One: Why do we still have this massive statue to Knute Nelson on the front steps of the Capitol when for all practical purposes, no one knows who he is or what he did?
Two: Let’s say we did a really good job of interpreting this statue and telling this story, would this still be a man we would want to honor with such an important space?
Three: How can we still tell this important part of Minnesota history without giving the impression that we think these were honorable acts? Could the statue be moved to another location?
My theory: While almost no one could identify Knute, any effort to de-Knute the Capitol steps would raise an uproar. Still, my vote is to move the statue and find new more inspiring and inviting art for the Capitol’s front door.
This Day in History: The Cherokee Removal Census
Like the Nelson Act which ignored treaty rights and taking Indian land, the Cherokee Removal Census is part of a larger story of the government ignoring the law and taking Indian land — this time, on a national level.
Let’s start with the background. According to a National Archives report:
From 1831 to 1840, Choctaws, Chickasaws, Creeks, Seminoles, and Cherokees were forced to migrate to Indian Territory (now Oklahoma), in a process then called “Indian Removal,” but now better known as “The Trail of Tears.” This was done despite a decision of the United States Supreme Court in Worcester v. Georgia (1832), in which the Indian Removal Act was declared unconstitutional. President Jackson ignored this ruling and was said to have remarked, “Justice Marshall has rendered his decision, now see how he enforces it.”
During the fall of 1835, the Superintendent of Cherokee Removal, Benjamin F. Curry, appointed officials to count all Cherokees residing in Georgia, North Carolina, Tennessee and Alabama–their historic homelands. The Census would determine the number of Indians and value of their property in preparing for their removal.

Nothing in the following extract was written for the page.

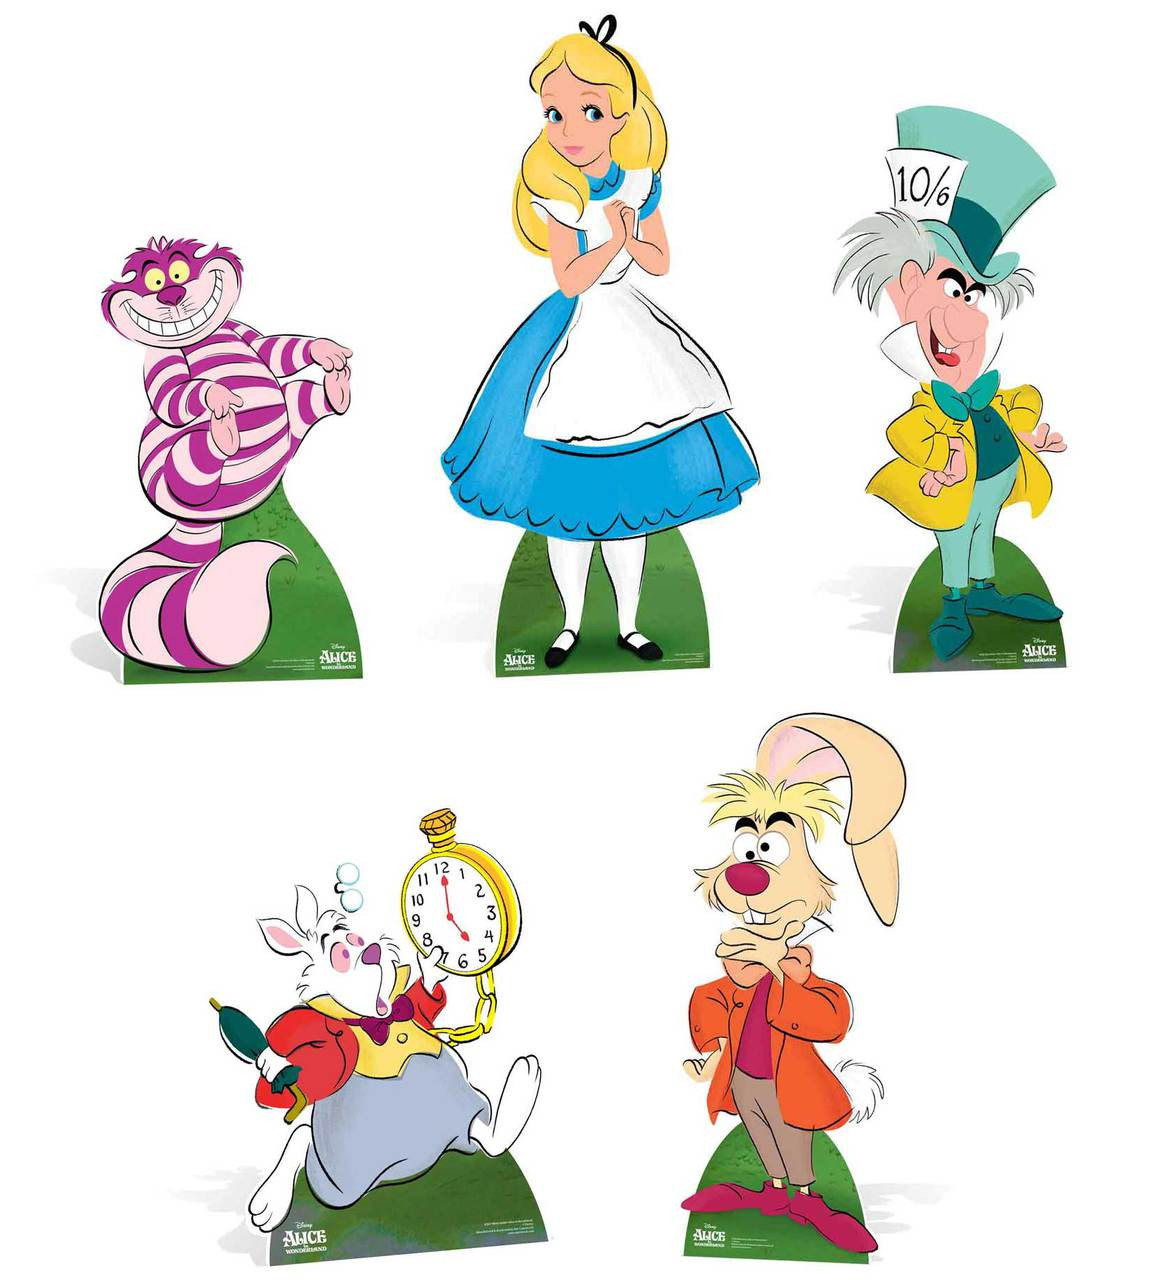 alice in wonderland cartoon movie characters

The final census, submitted on this day in history, December 12, 1835, is contained in a large, leather-bound volume, 66 pages long. It is chilling to think of such an official document, carrying out an unconstitutional act, having people “removed,” and in many cases, killed in the process. The Census listed 16,542 Cherokees and 201 intermarried whites. They owned 1,592 black slaves. The Census was taken in advance of the Treaty of New Echota, “negotiated and signed by a small faction of Cherokee tribal members, not the tribal leadership,” according to Wikipedia.

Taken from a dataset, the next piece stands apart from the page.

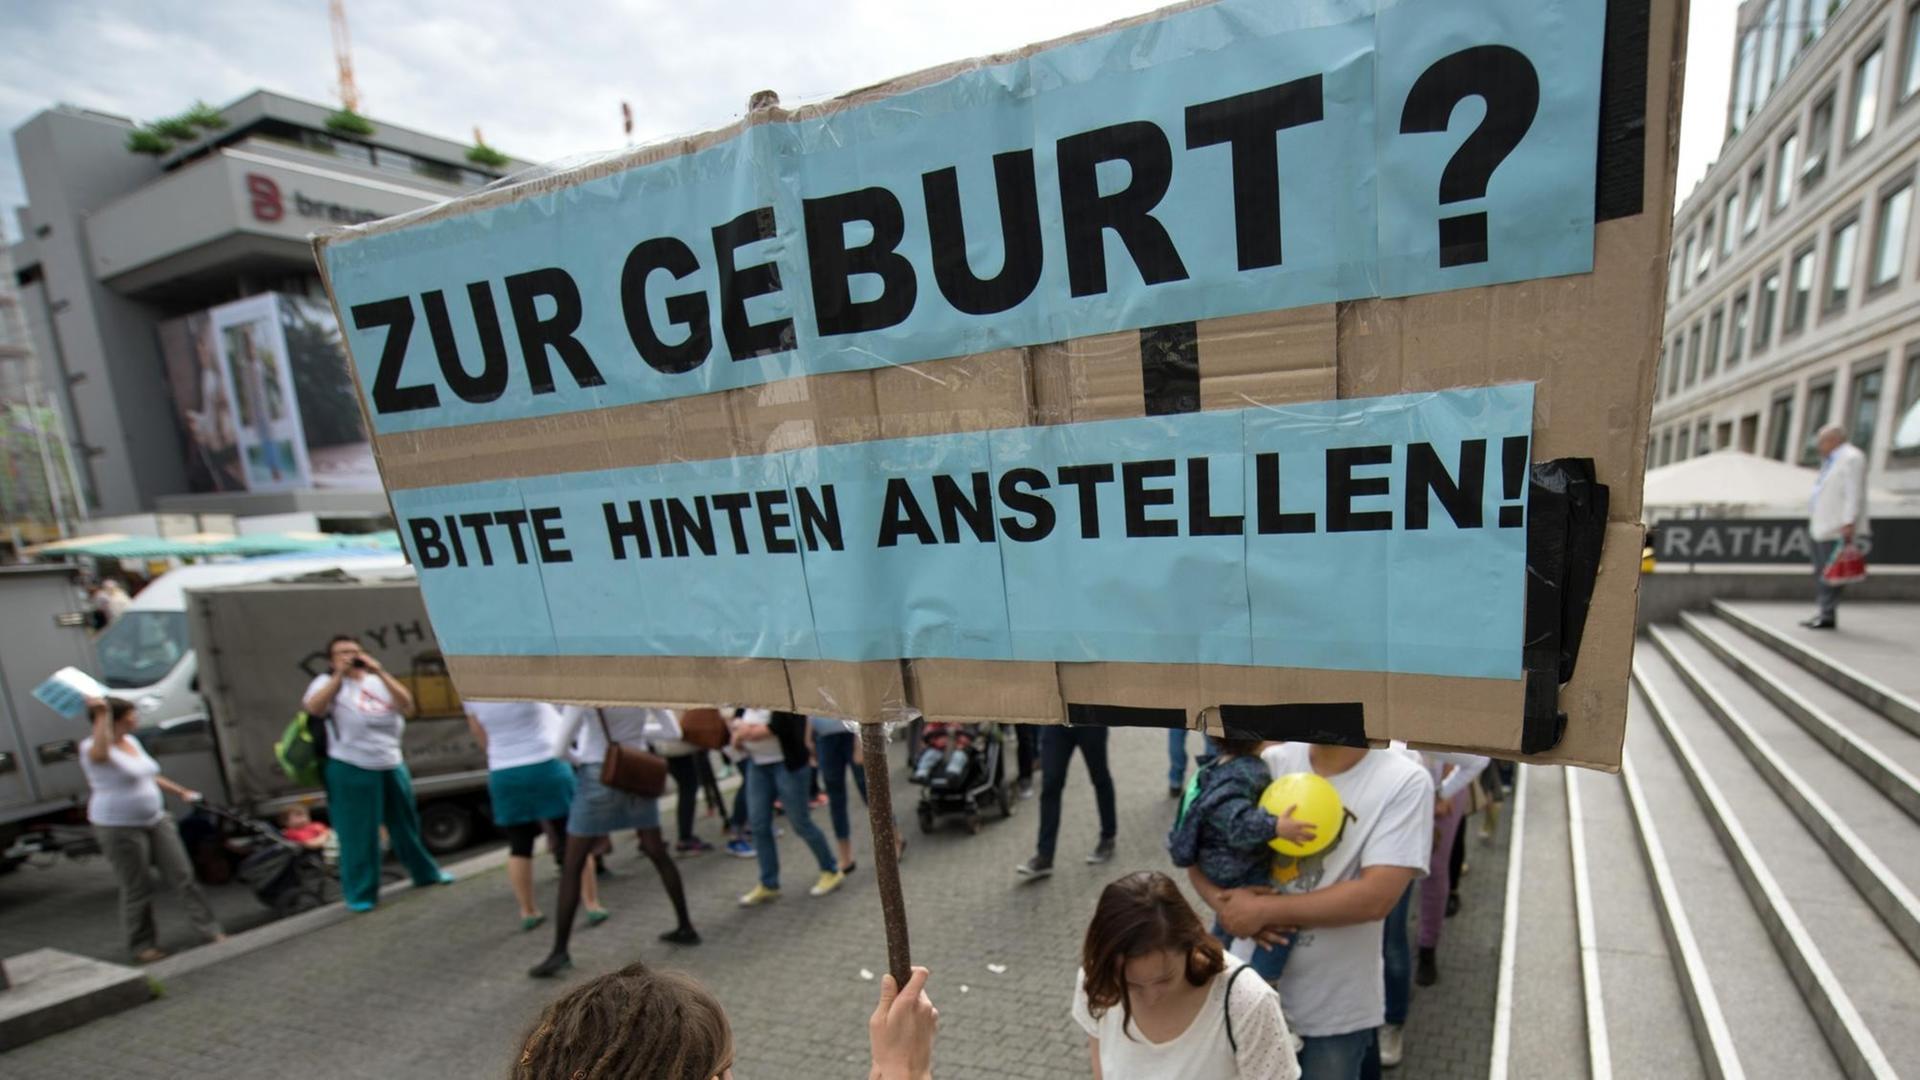 Eine Hebamme hält in Stuttgart (Baden-Württemberg) ein Schild hoch mit der Aufschrift "Zur Geburt? Bitte hinten anstellen!" Rund 50 Hebammen protestierten mit einem Flashmob für bessere Arbeitsbedingungen.

The Trail of Tears refers to a series of forced removals of Native American peoples following the Indian Removal Act of 1830; this Cherokee relocation was one part of that series. According to Wikipedia’s Trail of Tears entry: “The relocated peoples suffered from exposure, disease, and starvation while en route, and more than ten thousand died before reaching their various destinations.”